Only need a yes or no if you are happy with it.

Thanks


----------



## Bill_OR (Feb 6, 2010)

One thing I wasn't very happy with to start with was a bit of a loss of power during the gear change from 1st to 2nd. I think this was more to do with the newness of the engine/gearbox as it seems to have disappeared now (and the MH has only done 3000 miles). However, it may just be that I have learnt to deal with it by keeping my foot down when pulling away!

Also, I did manage to get stuck on soft ground once and was unable to do the normal 'rock to and fro from reverse to 1st etc' to free the MH as the comformatic requires the brake pedal to be pressed between such gear changes. I had to call on the RAC to tow me off the pitch  

Overall, I'm very pleased with the gearbox.
Bill


----------



## BorisBolero (Aug 10, 2009)

22,000 miles and still really pleased. Quite intuitive as to up and down changes on hills. Not aware of any mpg penalty as robotised manual. As previous post says, it does think about the change from first to second gear for a second or so when accelerating gently/moderately, but small price to pay for overall benefits.


----------



## sambelly (May 1, 2005)

Best thing since sliced bread just point relax and arrive with no fatigue its just a quick learning curve with the brake peddle and even after 2 years it still makes me smile.


----------



## Gary1944 (Feb 21, 2009)

Generally very pleased with the gearbox. We had a problem in 3rd year of ownership when the box decided not to access any gears. Quite traumatic at the time but the problem was eventually solved by a Fiat Dealer. It cost us some of our hard earned as the g/box is only warranted for 2 years!

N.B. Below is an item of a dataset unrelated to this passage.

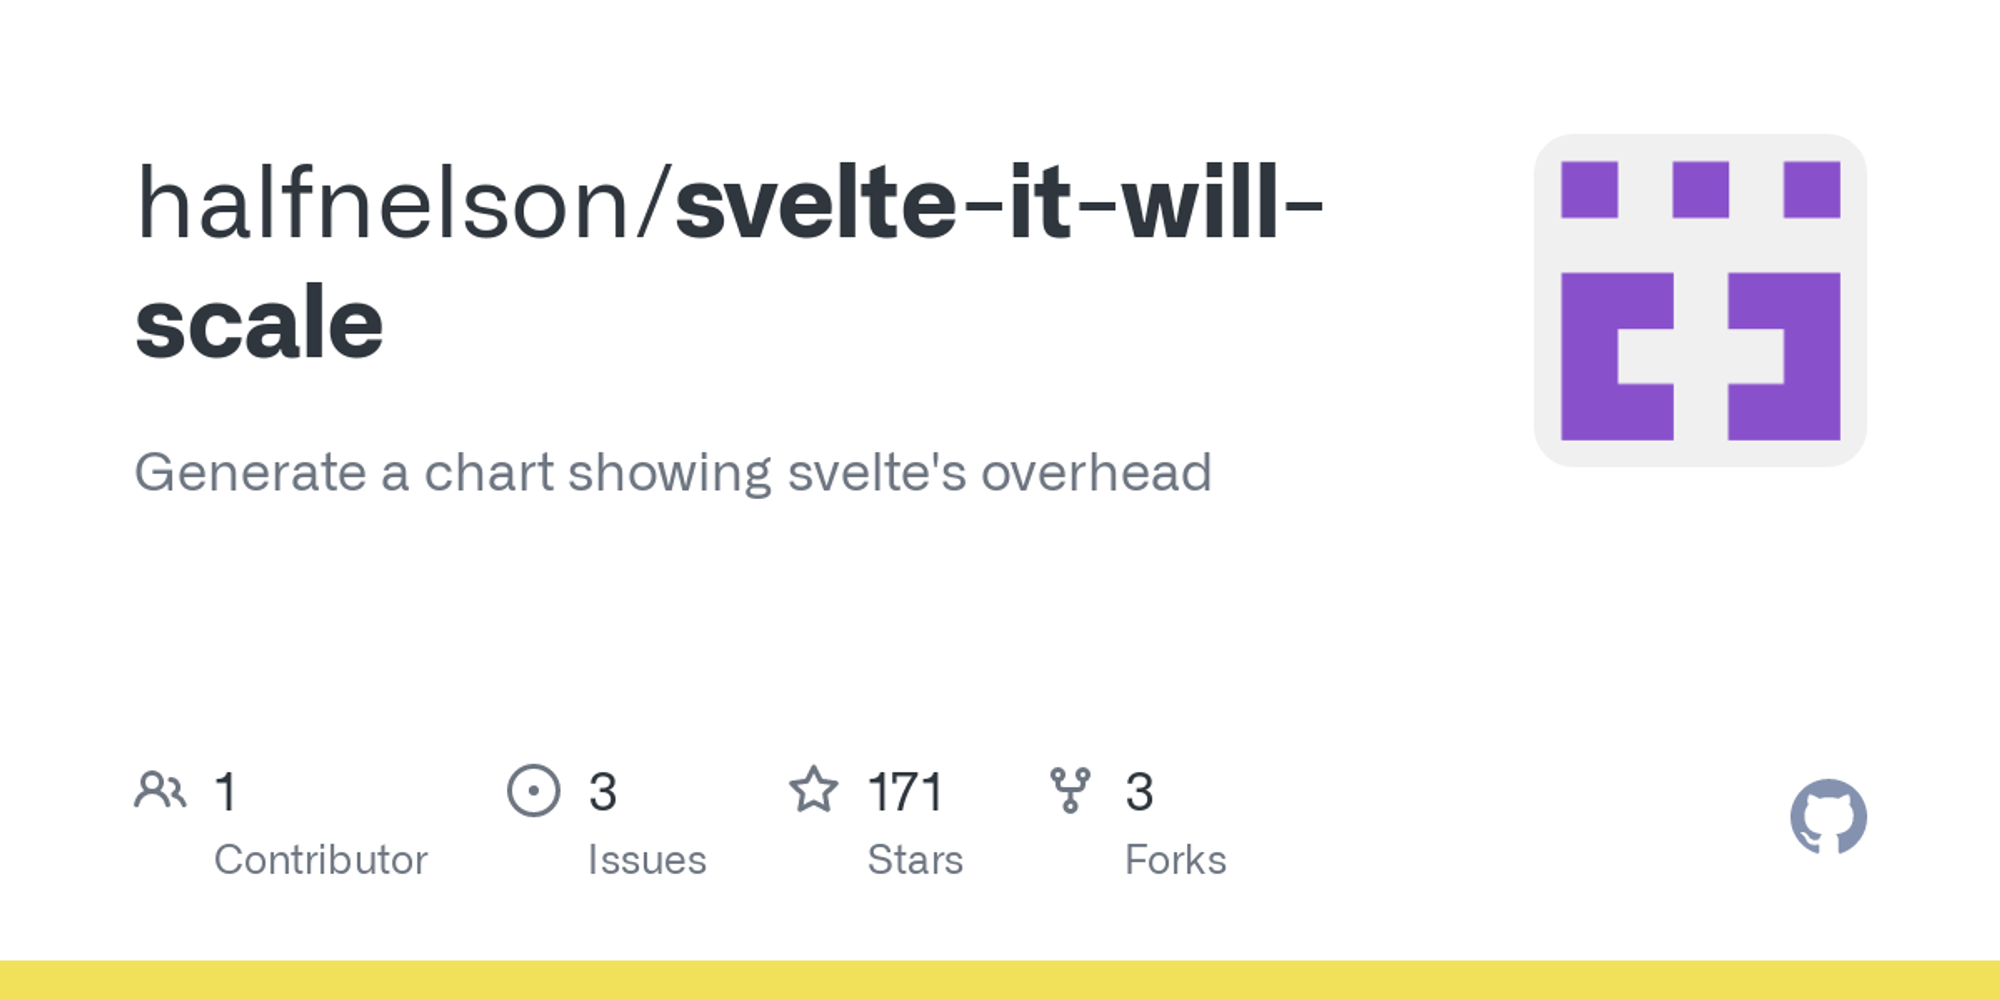 svelte-it-will-scale/README.md at master · halfnelson/svelte-it-will-scale

Other than that a lovely drive, with no fuel penalty. What more can you ask. One last point. When we bought ours it had to come with the 3 litre engine option. This made it quite a bit more expensive, but makes the van a pleasure to drive.

Good luck with your decision,

Gary.


----------



## 100127 (Jul 20, 2006)

Just a small bump :wink: :wink: Honest


----------



## carol (May 9, 2005)

We were extremely pleased with ours it was on the 160

Our next one will also have it

Carol


----------



## rrusty (Sep 15, 2007)

Yes very happy with mine on a 5000kg but I have to admit I do not use the auto I prefer to change manually.


----------



## 100127 (Jul 20, 2006)

I put this out as I had heard that the Comformatic box had problems.Judging by the response it seems that the majority find the box fine. Makes my choice right then. However, just taken it out for its first excursion before our main holiday next week, and guess what? It performed perfectly. except for the Engine management light coming on. Trip to Fiats tomorrow I feel.

Thanks to those who participated.

Bob


----------